High availabillity / failover with Gitea Helm chart

Hi there,

I’m running Gitea with the official Helm chart, and it’s working fine so far. I already have a redis and elasticsearch cluster configured. Also the PostgreSQL server will be HA soon. Data is stored on sha shared nfs drive

So now i tried to set replicaCount: 2 which is basically working too, but sometimes i get broken PR’s.
I think this mostly happens when there is a lot load from CI and my renovate bot.

If i only have one running gitea container, it shows the broken pr only a frew seconds after push. But if i try to view big diffs, gitea is blocking for more than a second, so my kubernetes healthchecks fail and the container gets restarted.

So i like to have at least two container running to have a small failover if one container fails.

Does anybody know how to best configure, so i don’t get the broken PR’s?

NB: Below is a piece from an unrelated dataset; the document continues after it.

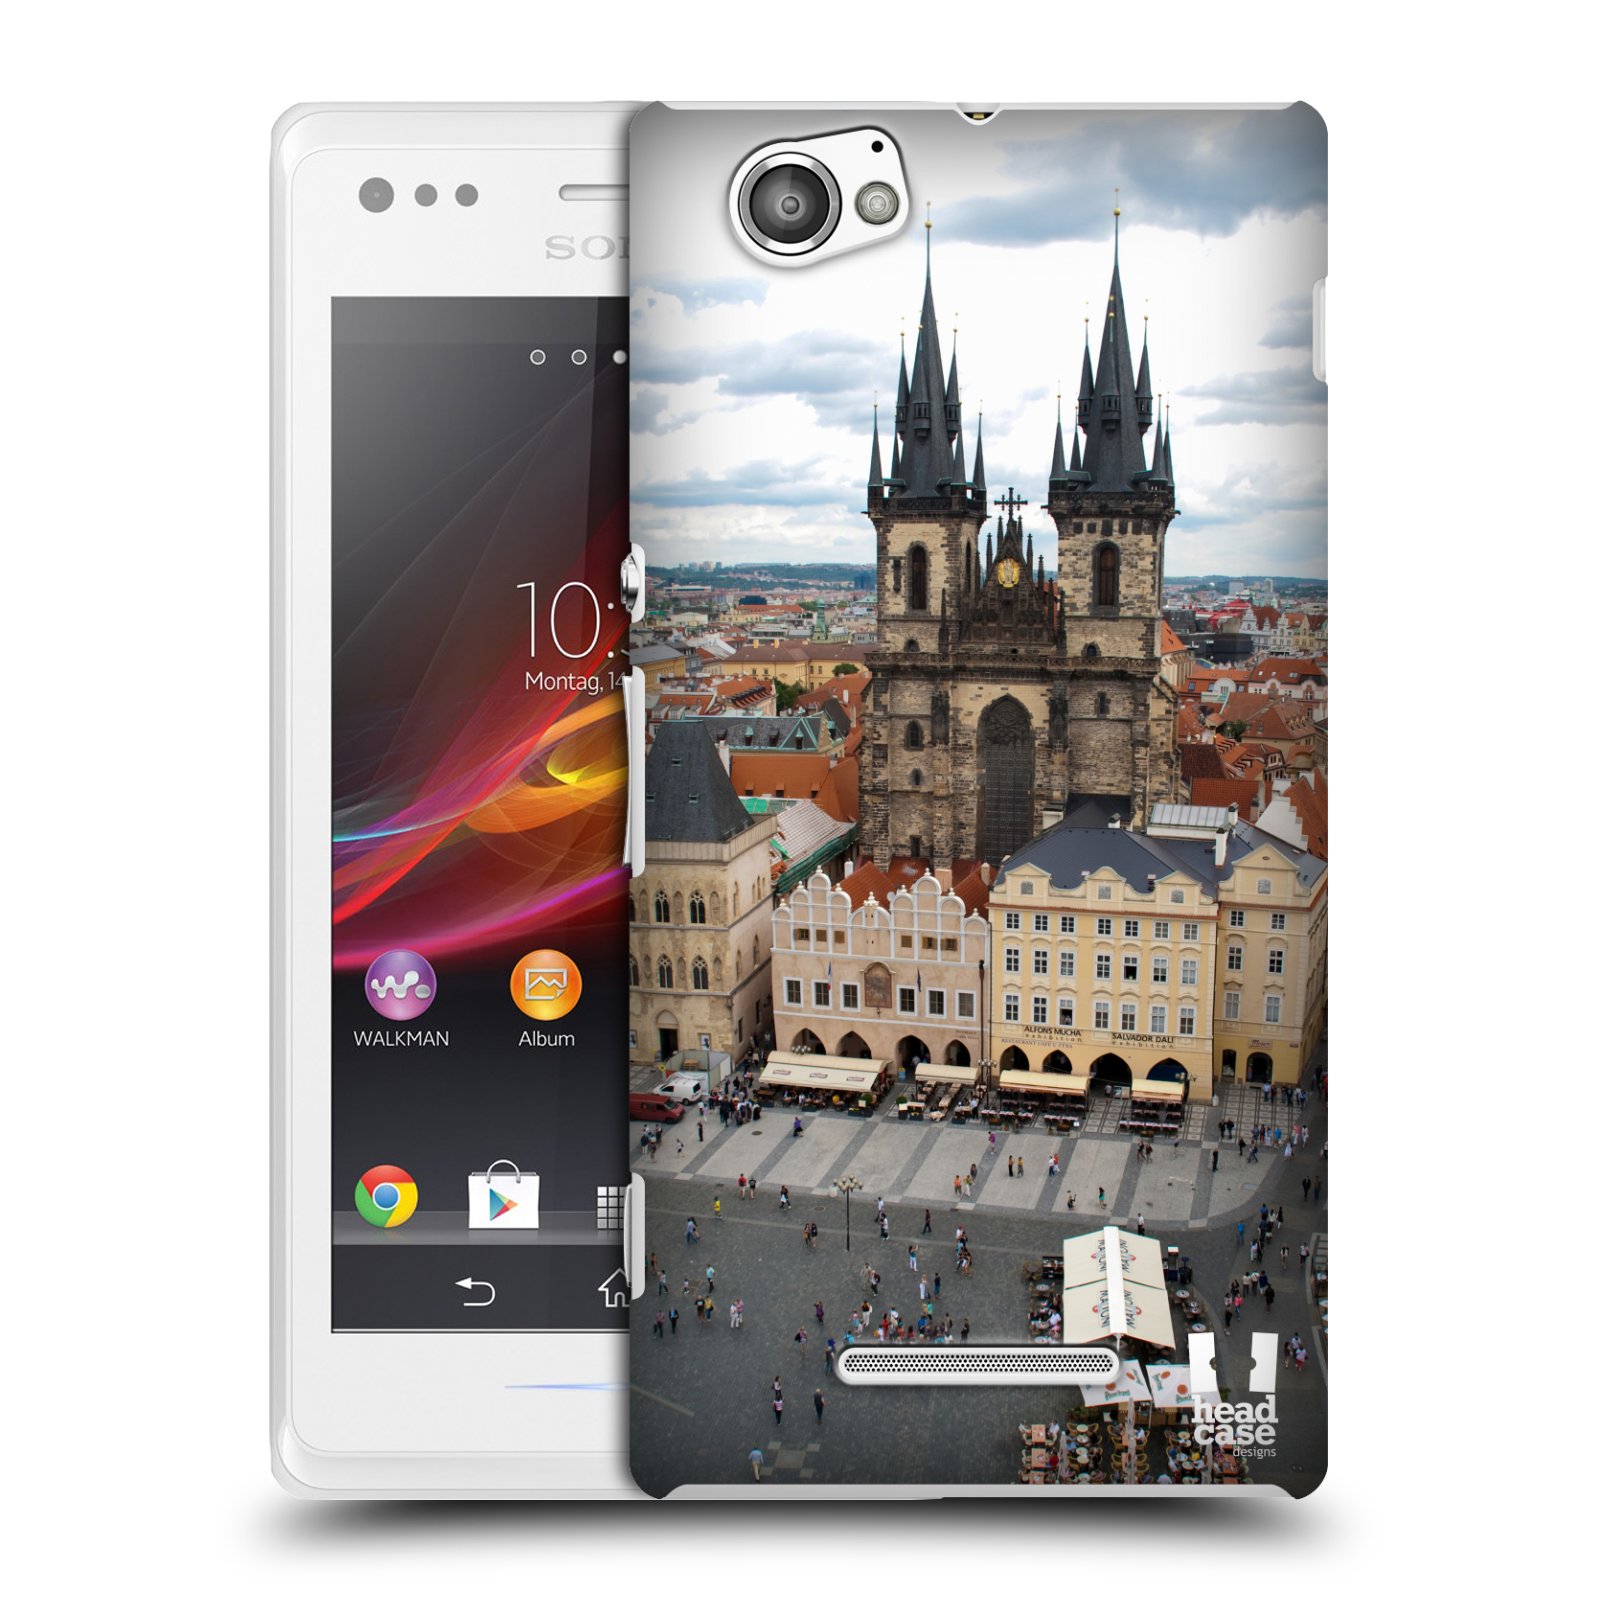 HEAD CASE plastový obal na mobil Sony Xperia M vzor Města foto náměstí ČESKÁ REPUBLIKA, PRAHA, STAROMĚSTSKÉ NÁMĚSTÍ

I’ve switched to the v3 helm chart with gitea v1.14.1 rootless. I’m using http only access.

I can share my values if it helps.

Soo uhh, Gitea should block in a way like that. There are multiple instances that server (tens of) thousands of users, that are not multi-homed where this isn’t happening to them. It sounds like there could be an underlying issue that should be solved rather than attempting to apply a bandaid with HA.

So I’t maybe a postgres or redis issue? or a too slow nfs? :thinking:

This sometimes happen when i do a big push, then the kubernetes probes to /user/login are failing with timeouts (was 1sec). The readiness has now 2sec timeout and the liveness probe 10sec.

Turns out the hanging is likely an issue with an upstream library (invalid use of mutex locks in that library which do lock things under load), still investigating how we as a project can solve this, and hopefully it also means that we can fix the upstream library too so others can benefit as well.

1 Like

Thanks for information, so with the extended timeouts it seems to be no longer restarted by kubernetes, but thats not fixing the underlying issue.

So it would be nice to have an extra /_health endpoint for general health checks (like database available, redis available …) which hopefully don’t need any lock.

btw: I’m using minio (4 node cluster) as s3 storage, which is also shared between other services.